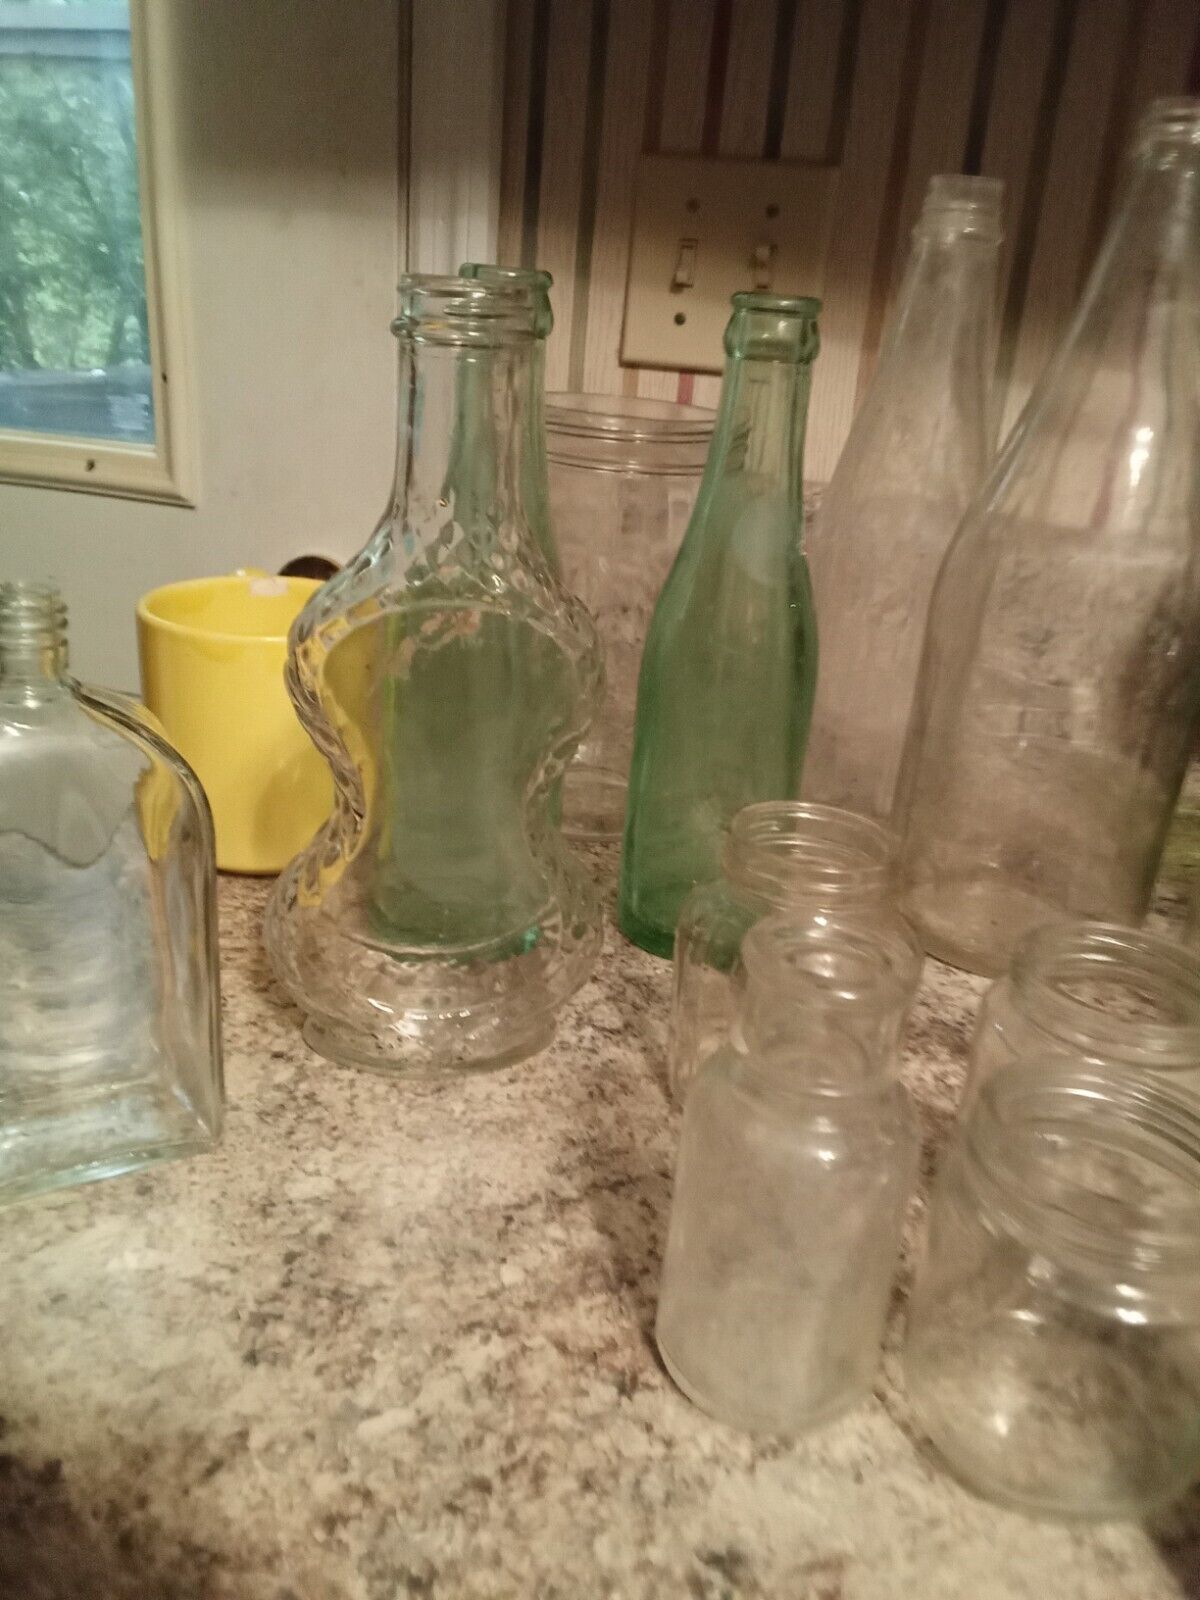 Assorted Vintage Glass Bottles
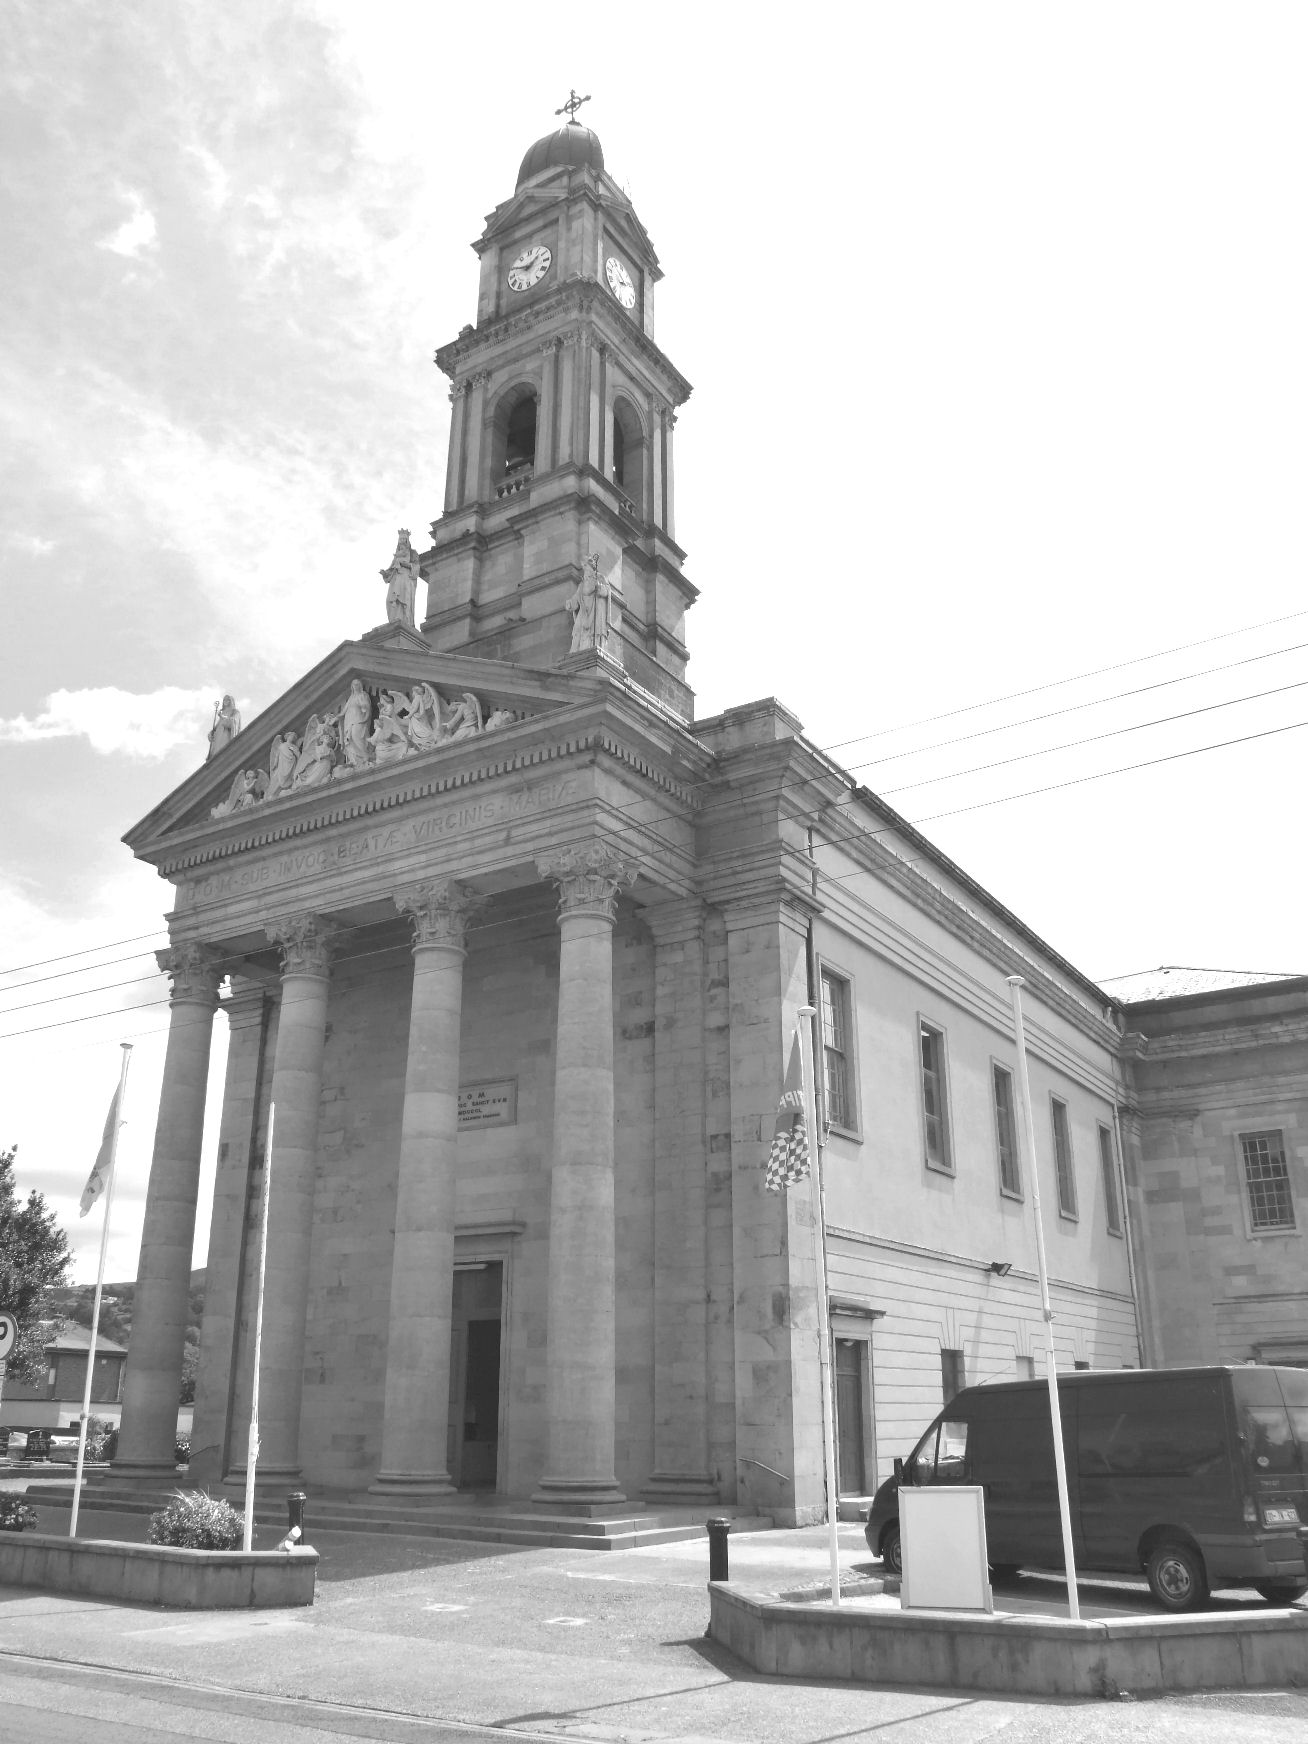 Saint Mary's Church in Clonmel
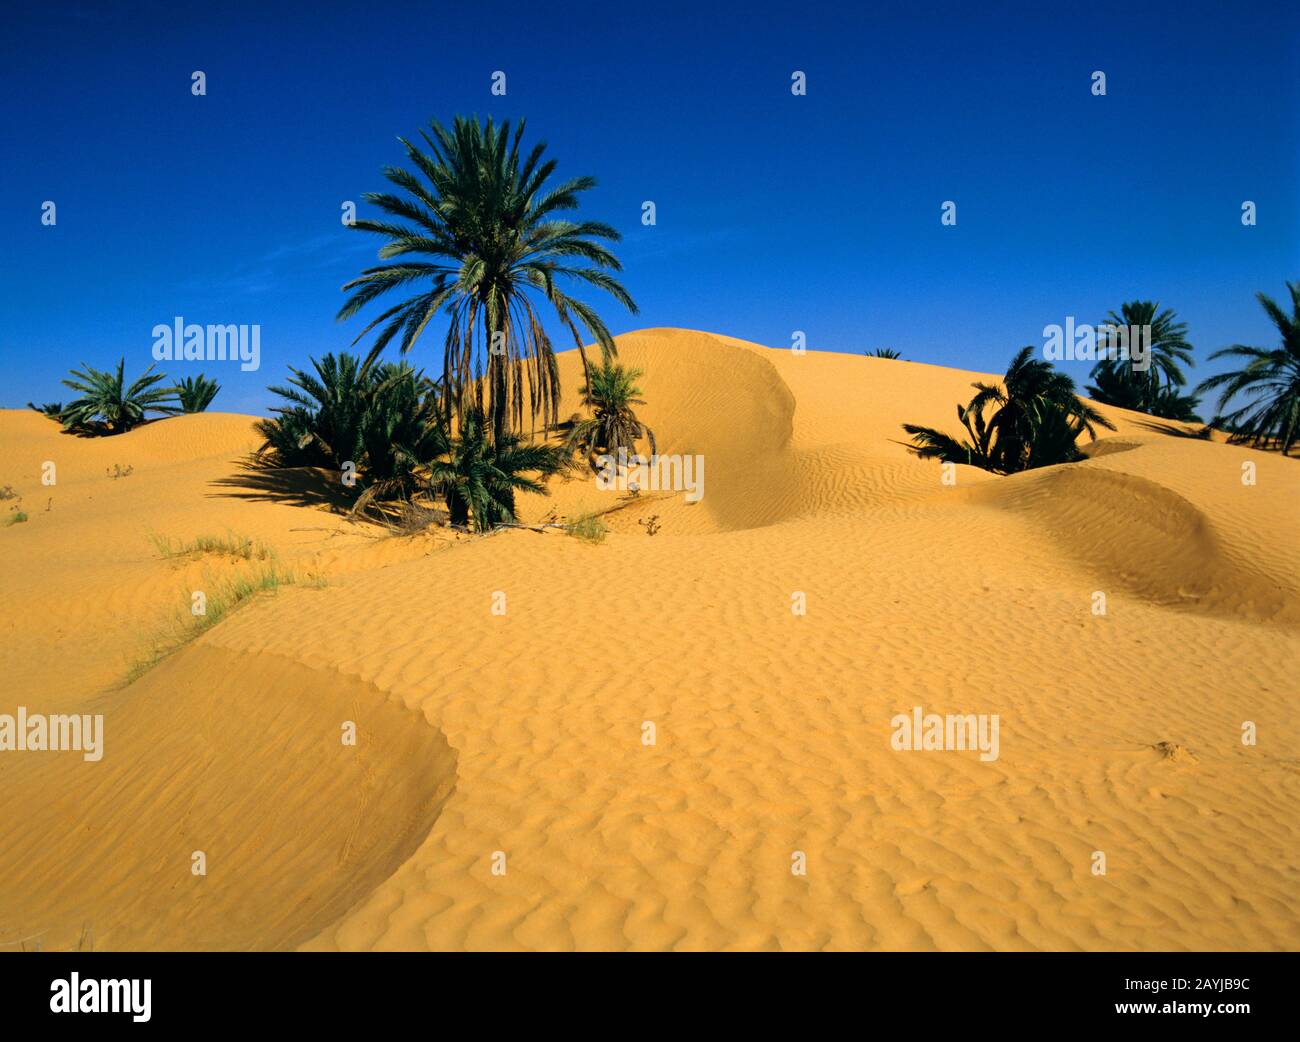 Data palm (Phoenix dactylifera), oasi con palme da dattero, Tunisia Foto Stock
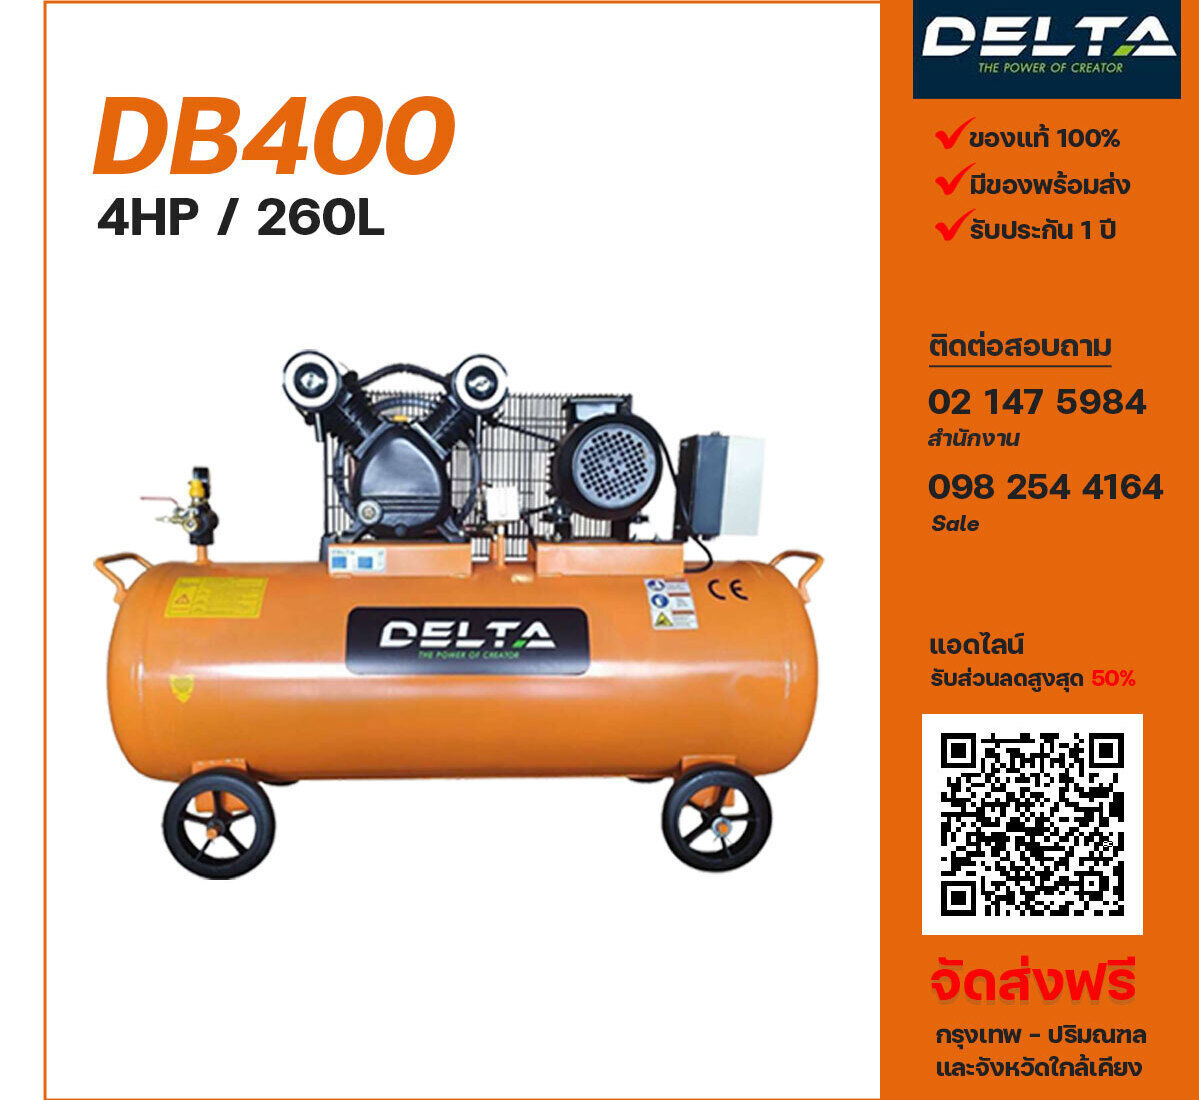 ปั๊มลมเดลต้า DELTA DB400 380V ปั๊มลมลูกสูบ ขนาด 2 สูบ 4 แรงม้า 260 ลิตร DELTA พร้อมมอเตอร์ ไฟ 380V ส่งฟรี กรุงเทพฯ-ปริมณฑล รับประกัน 1 ปี

## What this task involves
Reproduce the data exactly, please, and omit its pictures.

## Reply to the exercise
 Assorted Vintage Glass Bottles
 Saint Mary's Church in Clonmel
 Data palm (Phoenix dactylifera), oasi con palme da dattero, Tunisia Foto Stock
 ปั๊มลมเดลต้า DELTA DB400 380V ปั๊มลมลูกสูบ ขนาด 2 สูบ 4 แรงม้า 260 ลิตร DELTA พร้อมมอเตอร์ ไฟ 380V ส่งฟรี กรุงเทพฯ-ปริมณฑล รับประกัน 1 ปี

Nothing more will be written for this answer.